2004 Thomas Cup qualification

Tournament details
- Dates: January 31, 2004 – February 25, 2004
- Venue: BA: Kuala Lumpur Badminton Stadium BCA: Pretoria Showgrounds BE: Mestská Hala BO: Ken Kay Badminton Stadium BPA: Sir Garfield Sobers Gymnasium
- Location: BA: Kuala Lumpur, Malaysia BCA: Pretoria, South Africa BE: Prešov, Slovakia BO: Ballarat, Australia BPA: Bridgetown, Barbados

= 2004 Thomas Cup qualification =

The 2004 Thomas Cup qualification process is a series of tournaments organised by the five IBF confederations to decide 11 of the 12 teams which will play in the 2004 Thomas Cup, with Indonesia qualifying automatically as hosts and trophy holders.

== Qualified teams ==

| Country | Confederation | Qualified as | Qualified on | Final appearance |
|---|---|---|---|---|
| Indonesia | Badminton Asia | 2002 Thomas Cup winners, 2004 Thomas Cup hosts | August 2003 | 20th |
| China | Badminton Asia | 2004 Badminton Asia Thomas Cup Preliminaries winners | 22 February 2004 | 12th |
| South Africa | Badminton Africa | 2004 Thomas Cup Preliminaries for Africa winners | 25 February 2004 | Debut |
| Malaysia | Badminton Asia | 2004 Badminton Asia Thomas Cup Preliminaries runners-up | 22 February 2004 | 20th |
| South Korea | Badminton Asia | 2004 Badminton Asia Thomas Cup Preliminaries semifinalists | 21 February 2004 | 11th |
| Japan | Badminton Asia | 2004 Badminton Asia Thomas Cup Preliminaries semifinalists | 21 February 2004 | 7th |
| Thailand | Badminton Asia | Fifth place at the 2004 Badminton Asia Thomas Cup Preliminaries | 22 February 2004 | 9th |
| Denmark | Badminton Europe | 2004 European Thomas Cup Preliminaries winners | 15 February 2004 | 23rd |
| Germany | Badminton Europe | 2004 European Thomas Cup Preliminaries runners-up | 15 February 2004 | 2nd |
| England | Badminton Europe | 2004 European Thomas Cup Preliminaries third place | 15 February 2004 | 8th |
| New Zealand | Badminton Oceania | 2004 Thomas Cup Preliminaries for Oceania winners | 1 February 2004 | Debut |
| United States | Badminton Pan Am | 2004 Pan American Thomas Cup Preliminaries winners | 21 February 2004 | 7th |

== Qualification process ==
The number of teams participating in the final tournament is 12. The allocation of slots for each confederation are 4 from Asia, 3 from Europe, and 1 from each Africa, Oceania and Pan Am.
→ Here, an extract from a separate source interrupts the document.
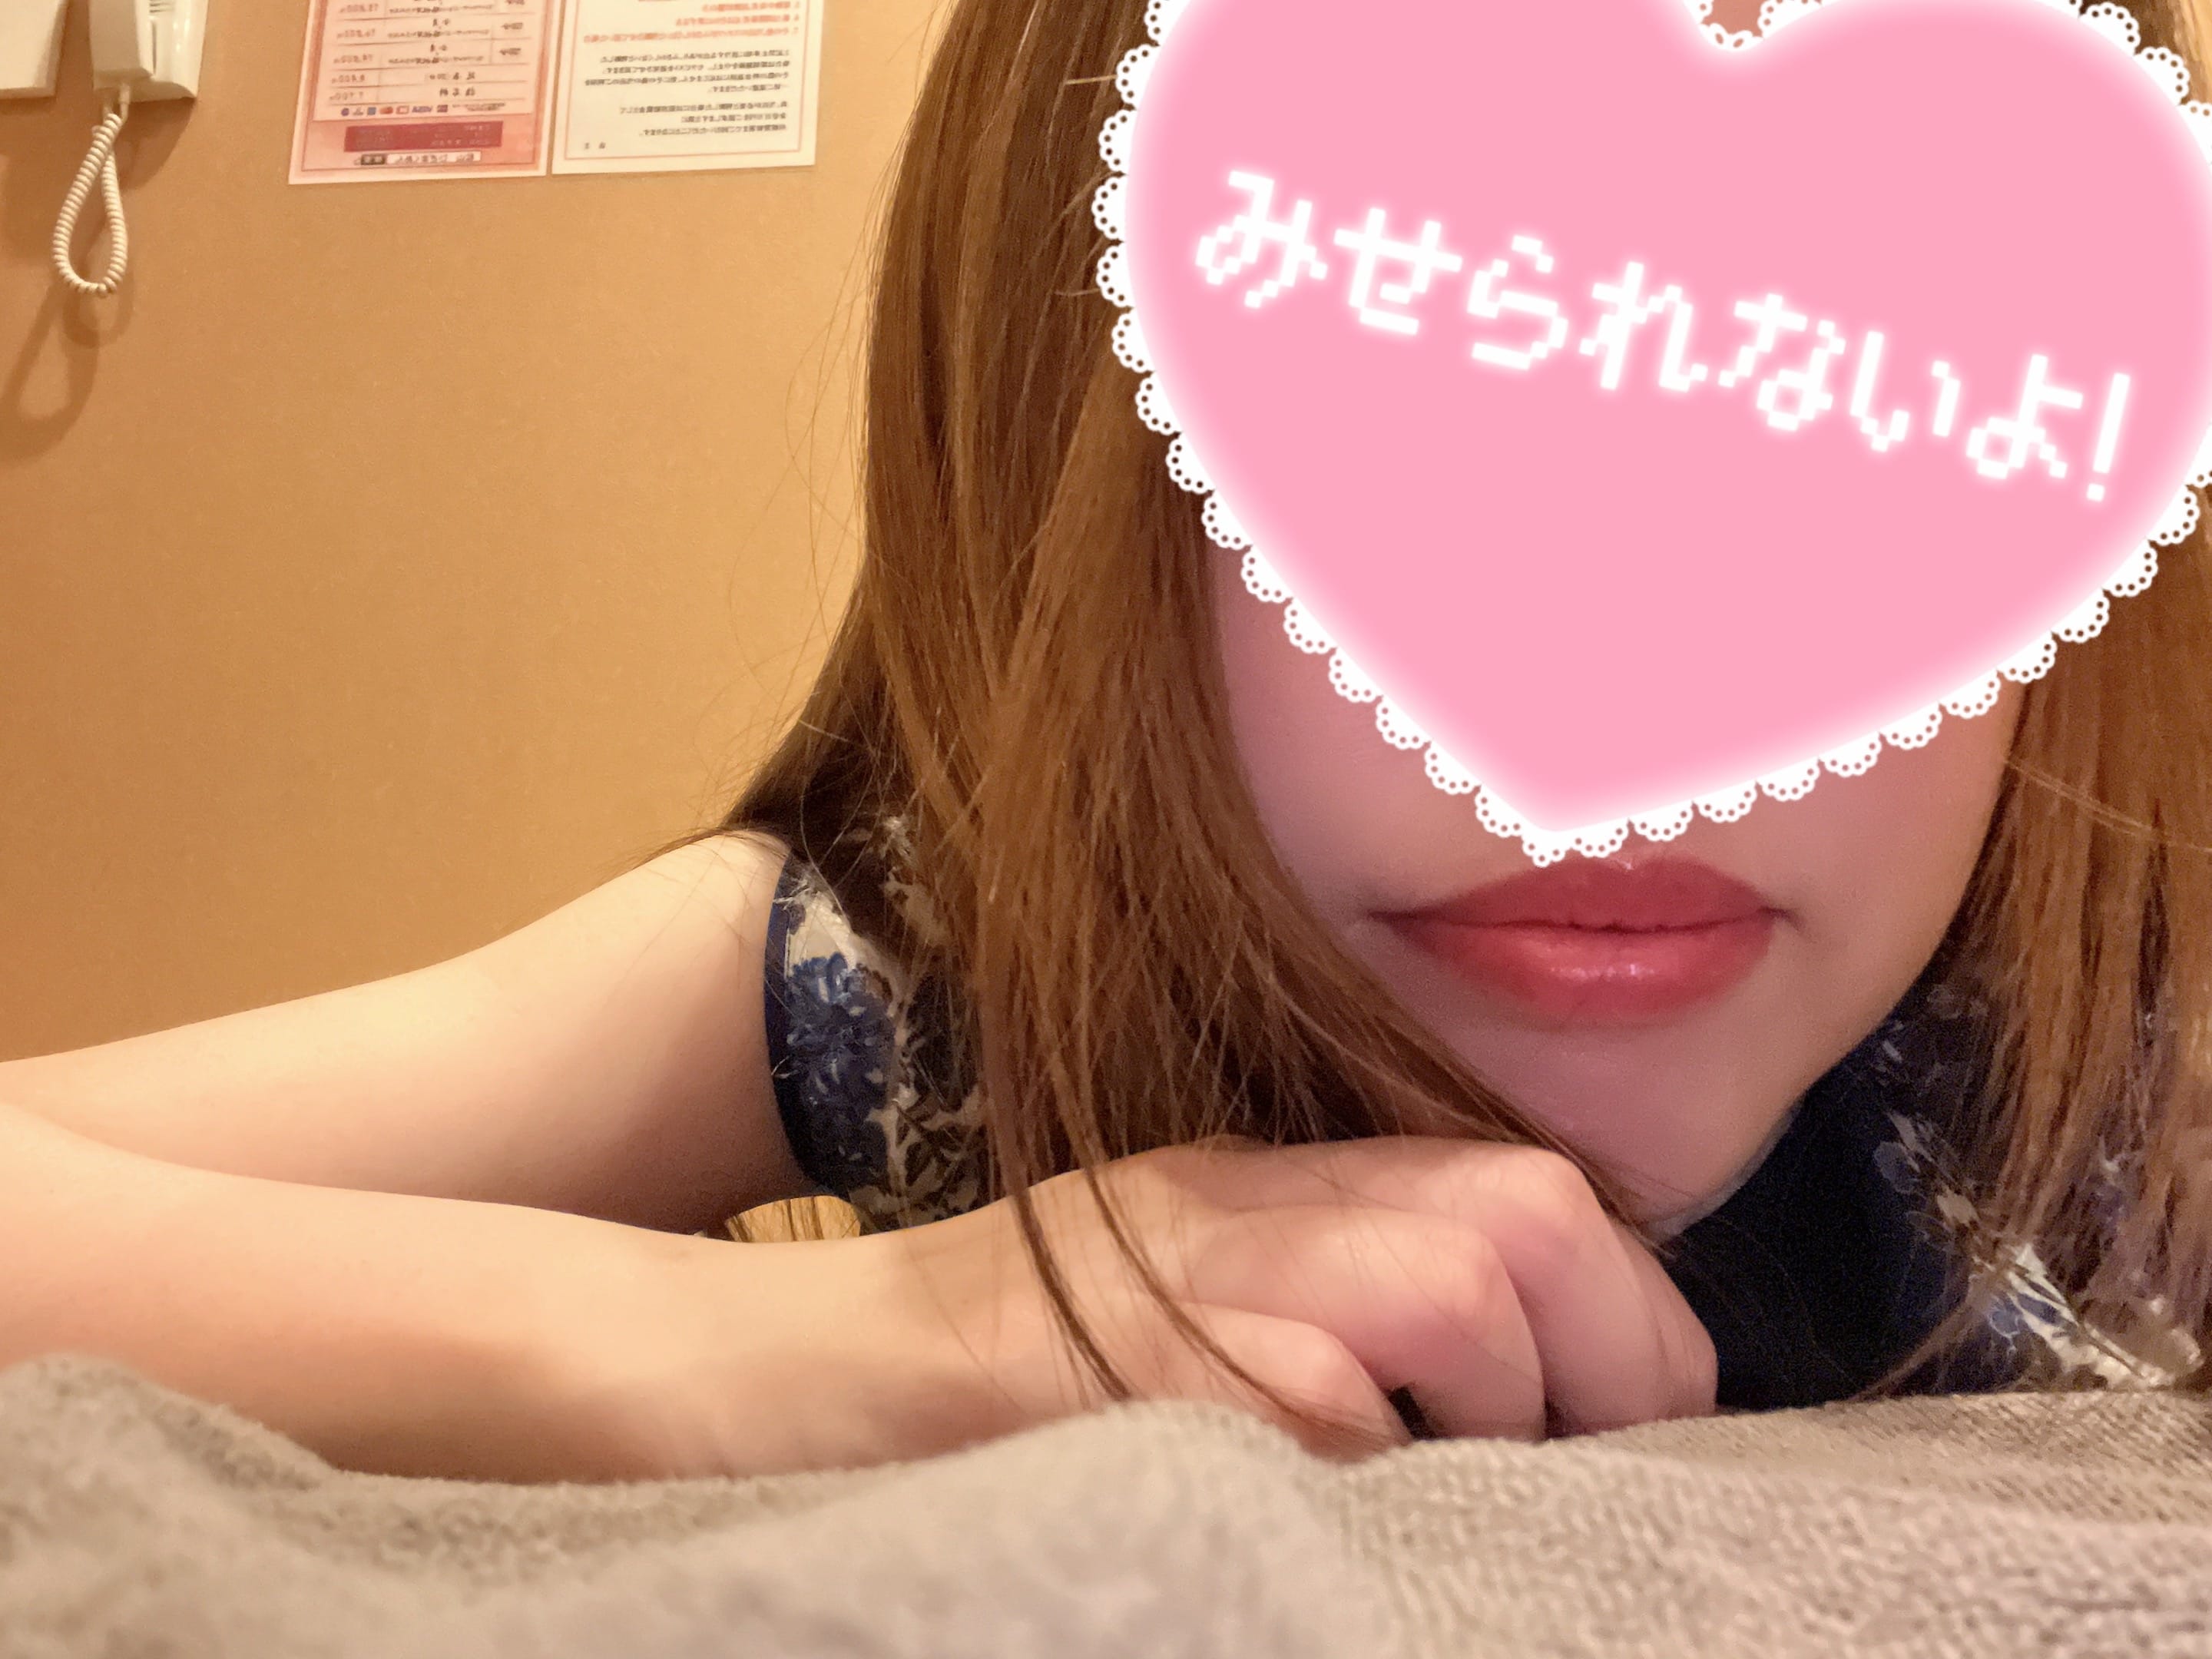 「thank you❤️」02/05(月) 20:54 | 北塚　まやの写メ日記

Two automatic qualifiers are the host and defending champion.

== Confederation qualification ==
===Badminton Confederation of Africa===

The qualification for the African teams was held from 23 to 25 February 2004, at Pretoria Showgrounds in Pretoria, South Africa. The winners of the African qualification will qualify for the Thomas Cup.

====Round-robin====

| Pos | Teamv; t; e; | Pld | Pts |
|---|---|---|---|
| 1 | South Africa | 6 | 6 |
| 2 | Nigeria | 6 | 5 |
| 3 | Mauritius | 6 | 4 |
| 4 | Uganda | 6 | 3 |
| 5 | Zambia | 6 | 2 |
| 6 | Botswana | 6 | 1 |
| 7 | Swaziland | 6 | 0 |

=== Badminton Asia===

The qualification for the Asian teams was held from 17 to 22 February 2004, at the Kuala Lumpur Badminton Stadium in Kuala Lumpur, Malaysia. The semi-finalists of the Asian qualification will qualify for the Thomas Cup. The team that finishes 5th in the classification rounds will also earn a spot in the final tournament.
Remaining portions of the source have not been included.